A woman regularly emails me as leader of the council, telling me exactly what she thinks. I’ve never met her, she doesn’t want to meet me and insists she wants no help, but in the meantime she’s become one of my barometers of how people are really feeling in the Bradford district. She has expressed varying degrees of fear, anger, confusion and frustration over that time, and serves as a reminder, if one were needed, that people’s mental health has been badly affected after many months of living in local restrictions in West Yorkshire. One of her emails to me said “people are at end of their tether now, it’s getting to the point where people can’t take anymore nothing to look forward to, it’s not a life”.
At the time of writing, in Bradford we have hit the awful and poignant milestone of 1,000 Covid deaths, 1% of the terrible 100,000 UK death toll announced on the same day. Each one of those individuals is a treasured family member, a friend, a colleague, a loved one to those left behind. Our communities are under strain and, as local leaders, we hear people’s concerns even down to street level. We are connected to our communities. With the best will in the world, that’s something a national system parachuted in from Westminster will never have.
We recognised early on in Bradford that this local knowledge would be a vital tool. Covid is like a heat-seeking missile, it can quickly pass from person to person, until infection levels are rising at an alarming rate. Bradford is a big and diverse place, a key worker city where most people can’t work from home. We have significant ethnic minority populations that we know have been disproportionately affected. Health inequalities are very much in evidence. Our response therefore had to be locally-led and fleet of foot to reflect the different needs of the communities we serve.
When the first cases emerged, we quickly mobilised the first response: regular briefings with our public health experts, staff equipped to work from home and we pushed out those first messages to wash hands, clean surfaces and “catch it, bin it, kill it”. We are fortunate in Bradford to have strong expertise, including the world-leading Born in Bradford project led by epidemiologist Professor John Wright, with a background in setting up public health systems in the UK and overseas. We immediately knew the importance of an intelligence-led, localised approach.

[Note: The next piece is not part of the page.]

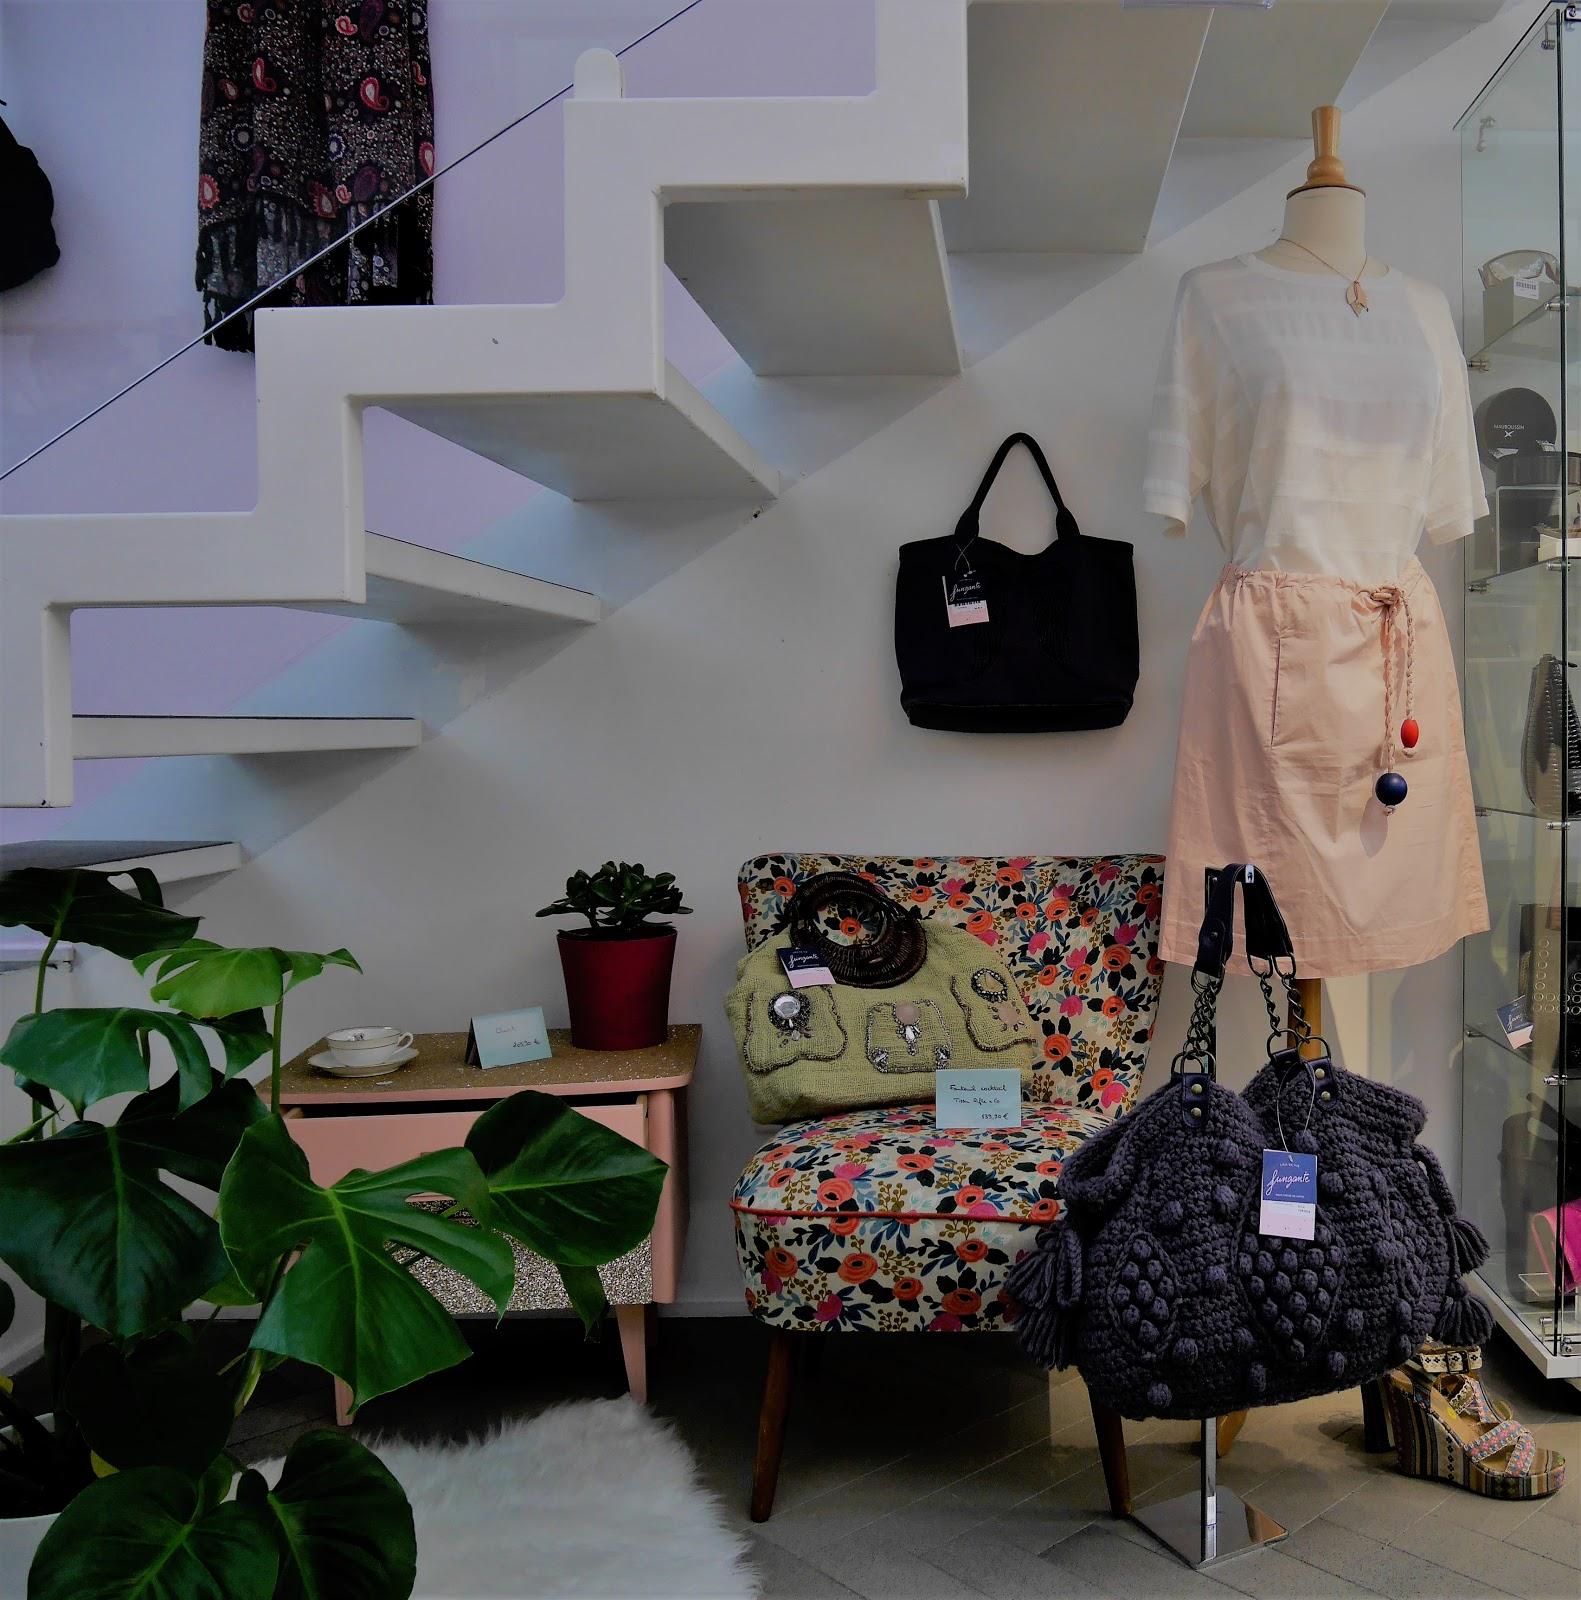 fringante-boutique-depot-vente-et-createurs-nogent-sur-marne-danslaruedacote.fr-7
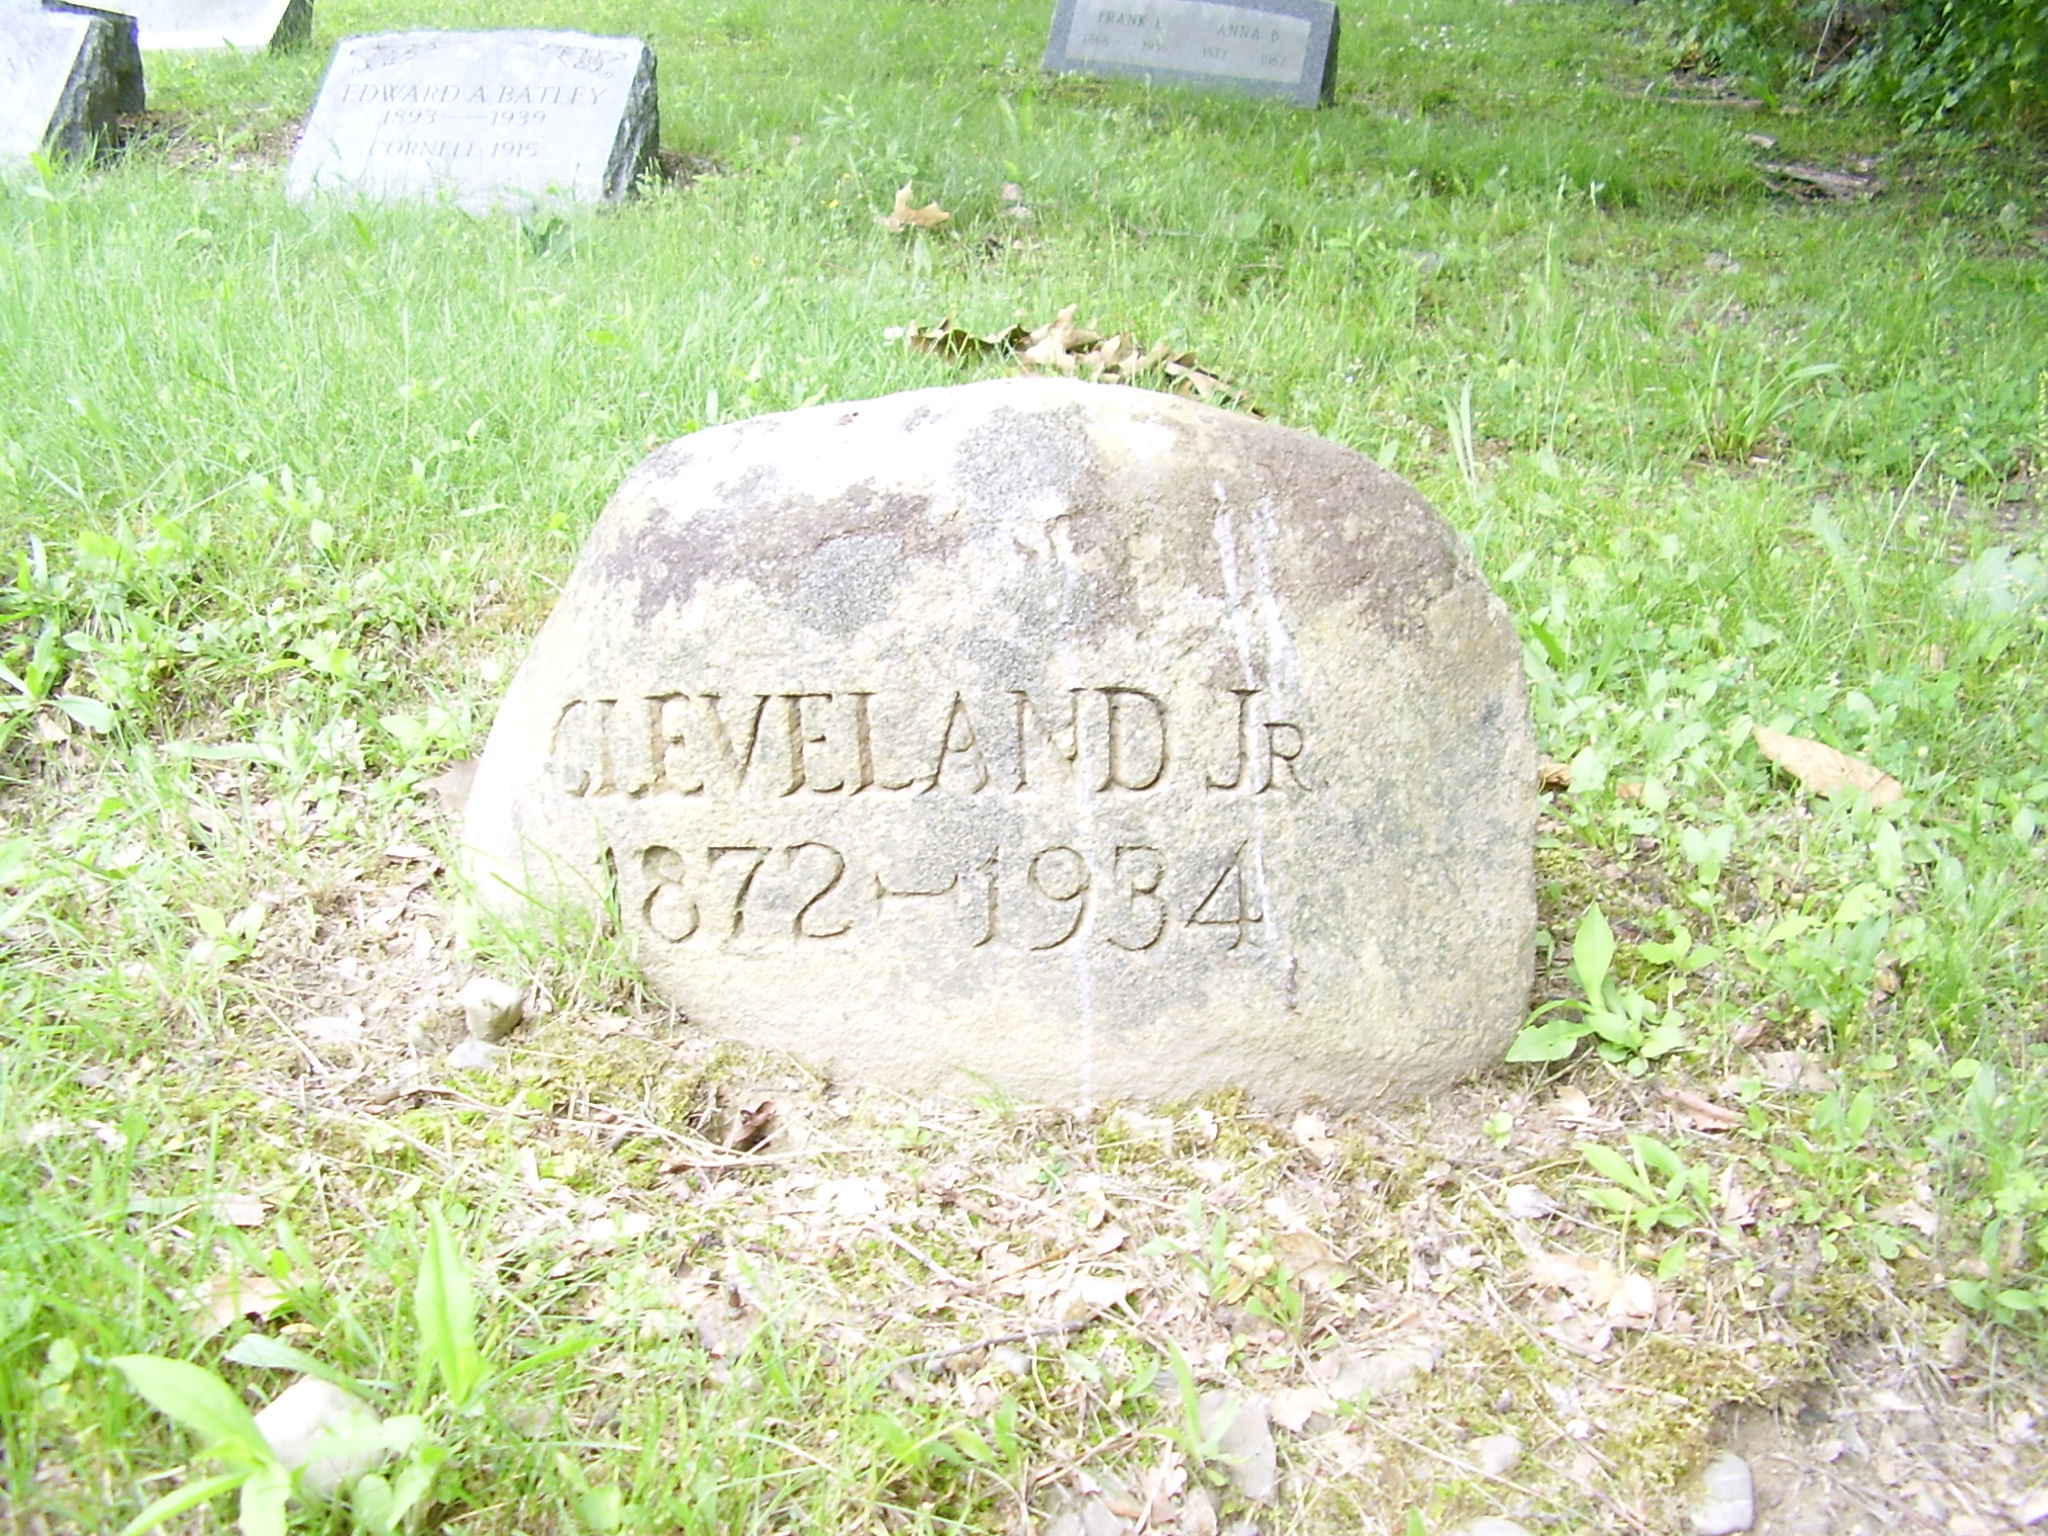 Cleveland Abbe, Jr

In those early days, we set up our own testing site with local health agencies primarily to test care workers. In the following weeks, the government set up three test sites, including a walk-in centre in the heart of Bradford City Centre and another in Keighley. We also had mobile testing units and got permission from Public Health England to go out with door-to-door home testing kits to pick up asymptomatic cases in areas with high rates, reaching as many as 600 tests a day sending trusted figures into communities in advance to build a rapport.
In August, we were one of the first 10 local authorities to start local contact tracing, investing £1.6m in our local test and trace. It became clear that the national system was only reaching 72% of cases and had gaps. Our local test and trace seeks to contact all positive cases not traced through the national system – the two combined successfully reaching a rate of around 84%, exceeding the PHE target. We have employed 60 contact tracers making as many as 180 calls a day.
The local test and trace approach hasn’t stopped there. We’ve offered individuals support to self-isolate and referred them to local help. We’ve lobbied government to increase the financial support for people self-isolating. We increased our door-knocking to reach many of those who have not responded by phone. The feedback we get on the doorstep also gives insight into the prevailing attitudes and fears of our communities, feeding in to the intelligence-led weekly reports at the Outbreak Control Board for action. We invested in neighbourhood wardens and youth services, worked with VCS partners and ramped up enforcement to support the four-pronged strategy: Engagement; Education; Support to Isolate; and Support to Access Testing.
We’ve continually adapted our approach with each wave of infection and cannot be complacent. We are all hopeful for a positive impact of the vaccine rollout. We are urging the government to think about health inequalities within this vaccination programme. Nobody disagrees that the elderly must be vaccinated first, given the high death rates in this age group, but below that age group many local councils have disadvantaged communities with shorter life expectancies and poorer health outcomes. These are vulnerable at a younger age to the virus, so there must be flexibility in vaccine distribution. Using age alone bakes in health inequalities into a vital piece of public health intervention. Meanwhile, we are investing significant sums to prepare for the strongest possible economic recovery – investing in jobs and skills, in education – to support resilience and stimulate hope for a better future.
I think back to the woman who emails me and tells me her worries, and other residents who do the same. I know what long-lasting impacts this pandemic is going to have on the communities we serve, the places we know so well. Local government will need to be properly funded and equipped to support the healing of our communities and our nation well into the future if we are to recover. But it’s not just recovering to where we were, that’s not good enough. This virus has exposed the inequalities in our nation – and when it gets to recovery, we have a moral obligation to focus on fundamentally eliminating them for good.